Patients with very high triglyceride and chylomicron concentrations usually have a genetic form of the disease and generally are unresponsive to triglyceride-lowering drugs. Treatment for these patients includes very low-fat diets, which may be supplemented with medium-chain triglycerides to minimize production of chylomicrons.
Several studies have compared the efficacy of gemfibrozil and clofibrate in hyperlipoproteinemia. Studies in patients with type IIa, IIb, or IV hyperlipoproteinemia comparing 400 mg of gemfibrozil twice daily (200-mg capsules were used in initial drug trials) with 750 mg of clofibrate twice daily showed that these drugs were equally effective in decreasing serum cholesterol and triglyceride concentrations. Other studies in healthy males and patients with types IIa, IIb, and IV hyperlipoproteinemia indicate that 600 mg of gemfibrozil twice daily or 1 g of clofibrate twice daily produces similar decreases in serum cholesterol and triglycerides. A gemfibrozil dosage of 1.6 g daily produces a greater decrease in total serum triglyceride and VLDL-triglyceride concentrations and a greater increase in HDL-cholesterol than does 2 g of clofibrate daily. Some patients who do not have an adequate therapeutic response to gemfibrozil may respond to clofibrate and vice versa. However, some patients with type IIa, IIb, or IV hyperlipoproteinemia may not respond adequately to either drug even when dosage is increased. Studies that adequately compare gemfibrozil with niacin, probucol (no longer commercially available in the US), or bile acid sequestrants such as cholestyramine are limited.

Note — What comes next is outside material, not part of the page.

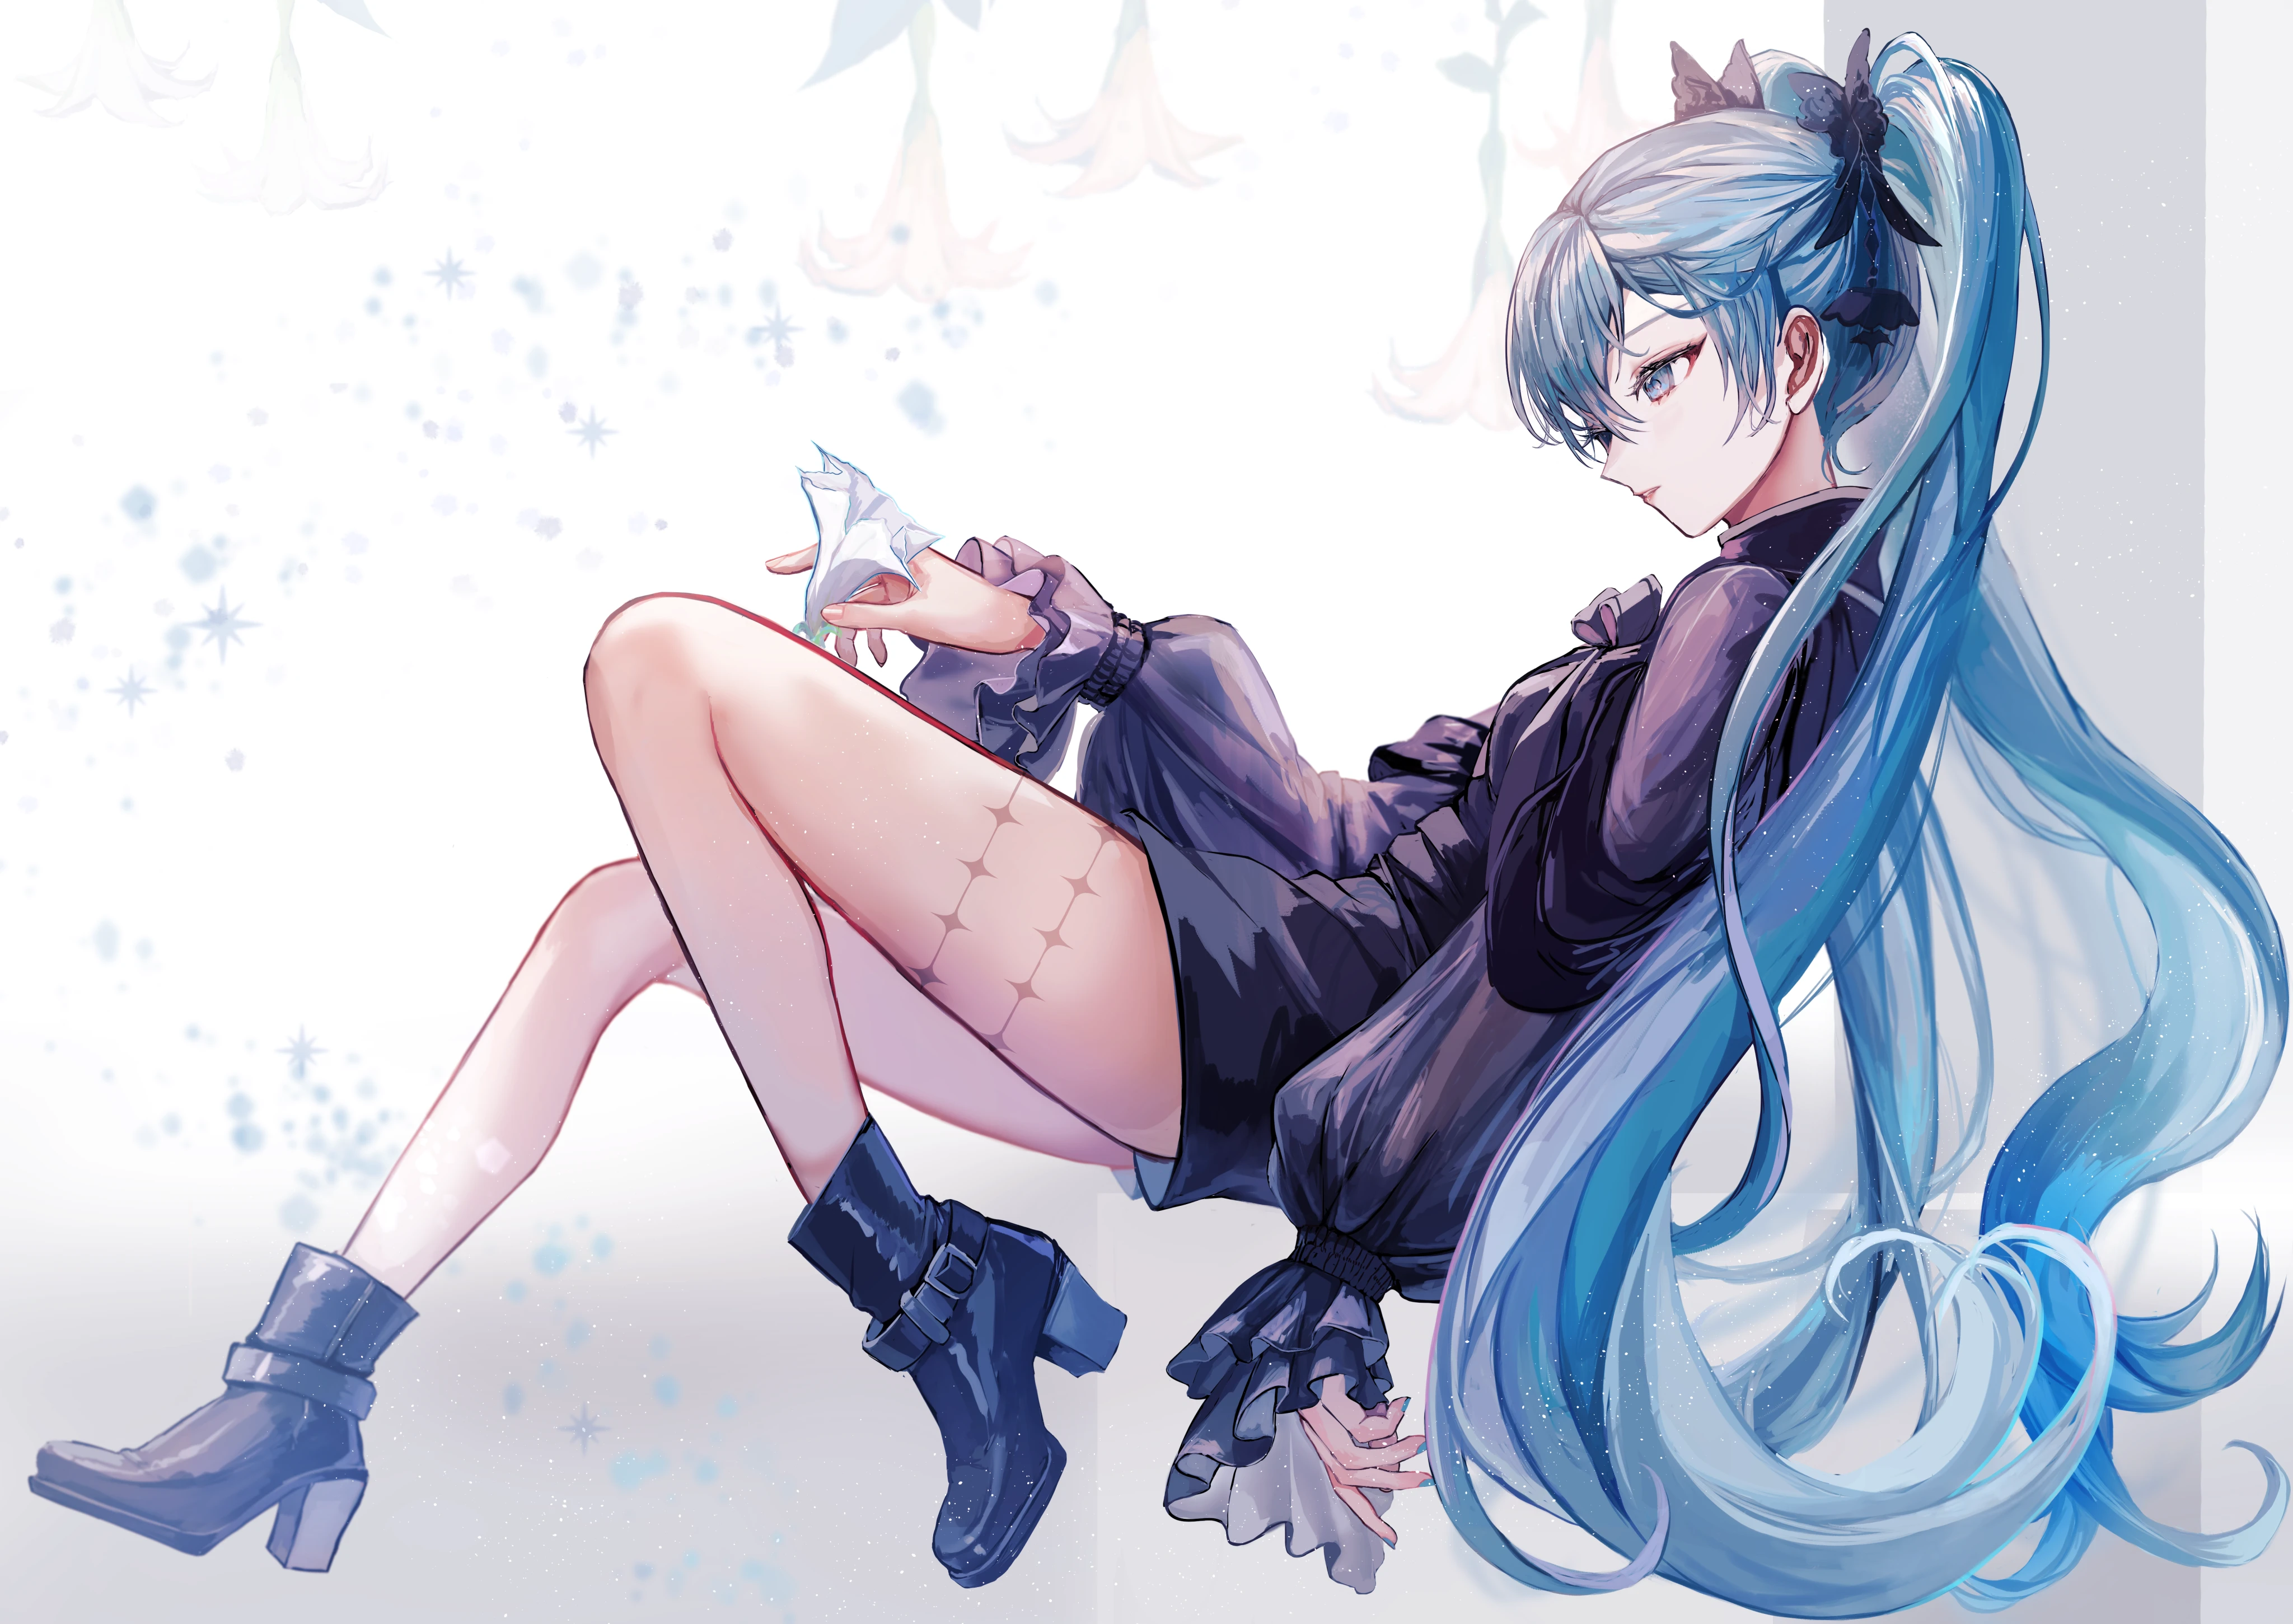 Anime 4096x2901 Hatsune Miku Vocaloid artwork anime anime girls long hair blue hair twintails boots thighs profile long sleeves blue eyes simple background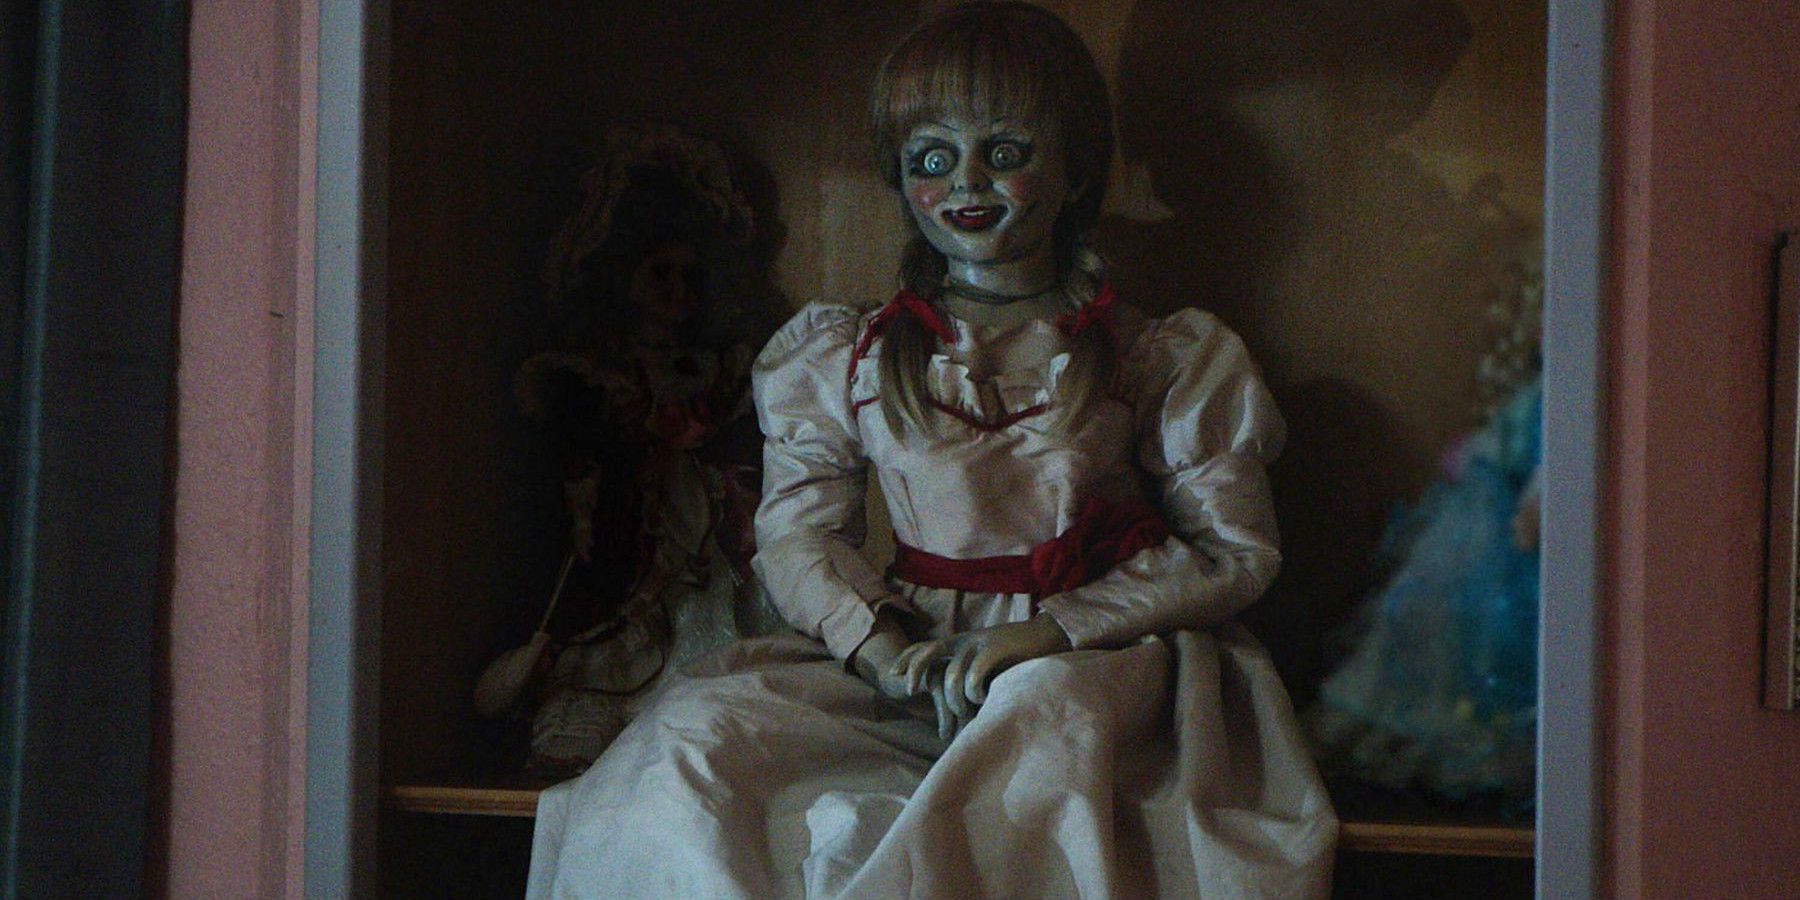 The Conjuring doll

Gemfibrozil has been used effectively in a very limited number of patients with type III hyperlipoproteinemia to decrease elevated triglyceride and cholesterol concentrations associated with this disorder.
Because therapy with gemfibrozil or other antilipemic agents (i.e., bile acid sequestrants, statins, niacin) has been shown to reduce mortality and nonfatal coronary events (e.g., myocardial infarction) in patients with or without CHD who have normal or elevated cholesterol concentrations, ACC and AHA currently recommend initiation of antilipemic therapy in combination with aspirin, nitrates, and β-adrenergic blockers for the management of chronic stable angina in patients with documented or suspected CHD who have LDL-cholesterol concentrations greater than 130 mg/dL. The ACC and AHA state that the decision to initiate antilipemic therapy in patients with CHD and LDL-cholesterol concentrations of 100-129 mg/dL must be individualized based on clinical judgment of the risks and benefit of such therapy.
For further information on the role of antilipemic therapy in the treatment of lipoprotein disorders, the prevention of cardiovascular events, and other conditions, see General Principles of Antilipemic Therapy in the HMG-CoA Reductase Inhibitors General Statement 24:06.08.